INDIANAPOLIS (AP) — A legislative study committee failed to forward a recommendation regarding whether Indiana should create a hate crimes law, despite Republican Gov. Eric Holcomb’s support for such a law.
The Study Committee on Corrections and Criminal Code heard four hours of testimony Wednesday before approving a final report that said some members support a bias-motivated criminal statute and some don’t, The Journal Gazette reported .
Republican Rep. Tom Washburne of Inglefield said draft legislation wasn’t specifically called for. Washburne said the testimony will help lawmakers when the 2019 session begins.
Democratic Rep. Matt Pierce of Bloomington said the committee could’ve done more.
“If we wanted to, we could make stronger and detailed recommendations,” he said. “The idea is to break the logjam.”

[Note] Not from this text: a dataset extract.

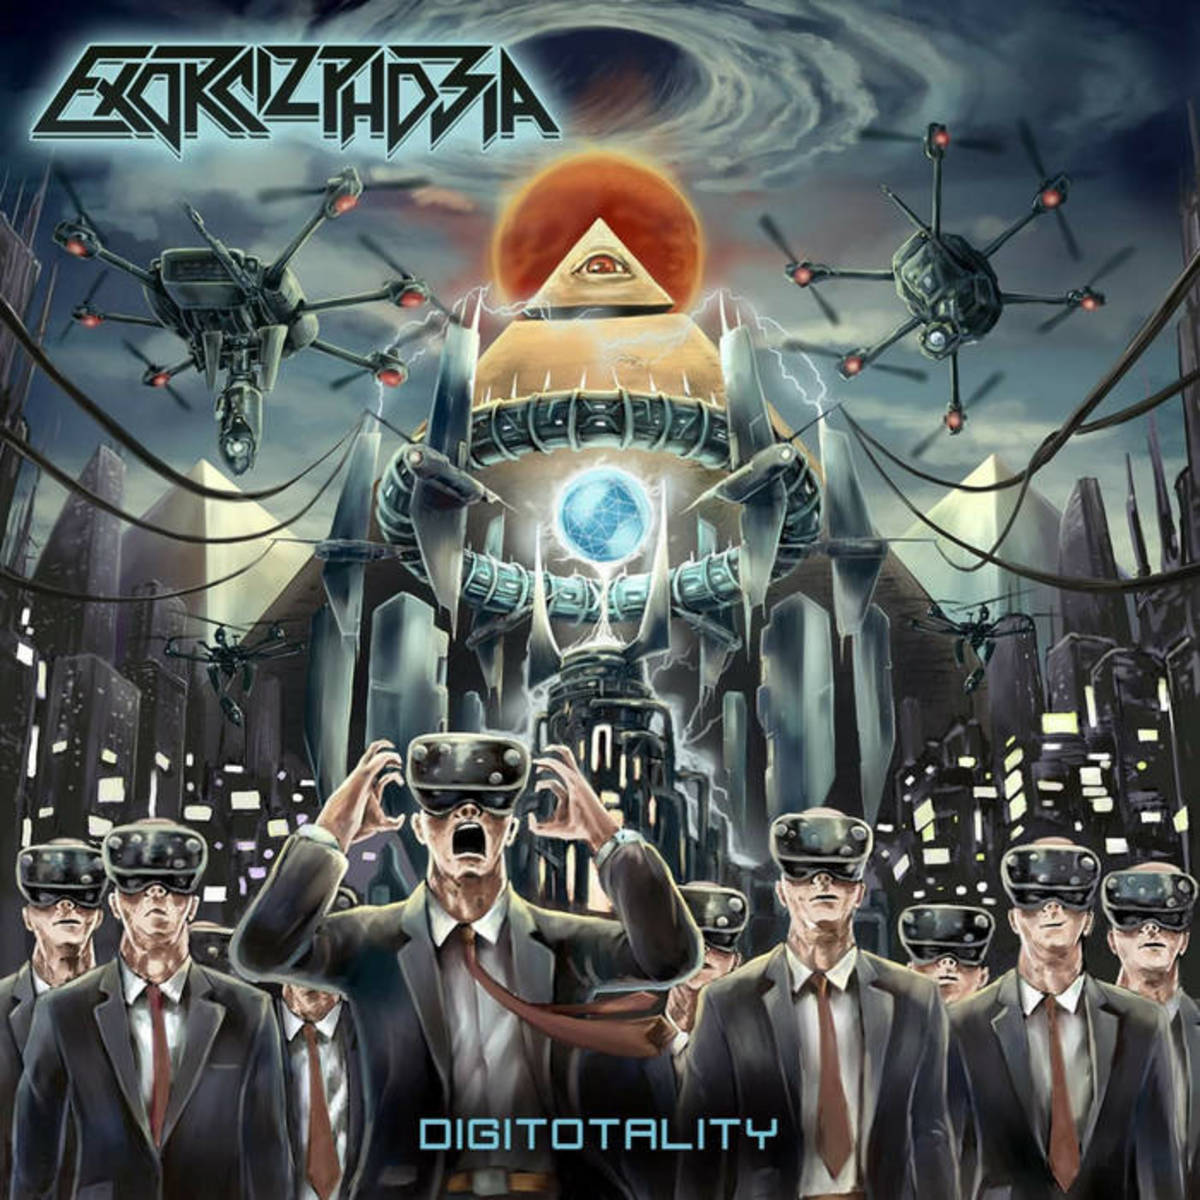 review-of-the-album-digitotality-by-thrash-metal-band-exorcizphobia

In July, Holcomb called on lawmakers to pass a hate crimes law during the 2019 legislative session after anti-Semitic graffiti was spray-painted at a suburban Indianapolis synagogue.
Indiana is one of only five states without an explicit hate crimes law. The laws typically enhance the severity of a crime, making a level 5 battery crime a level 4 battery crime if bias or hate was found to be a motivating factor.
Opponents to such laws raise concerns about the number of protected characteristics there could be.
“We oppose a hate crimes bill on the grounds that it is divisive,” said Al Parsons, of the Coalition of Central Indiana Tea Parties. “We believe it’s un-American.”
David Sklar, of the Jewish Community Relations Commission, said hate crime laws aren’t exclusionary and can apply to everyone.
“We all have a religion or a sex or a race,” he said.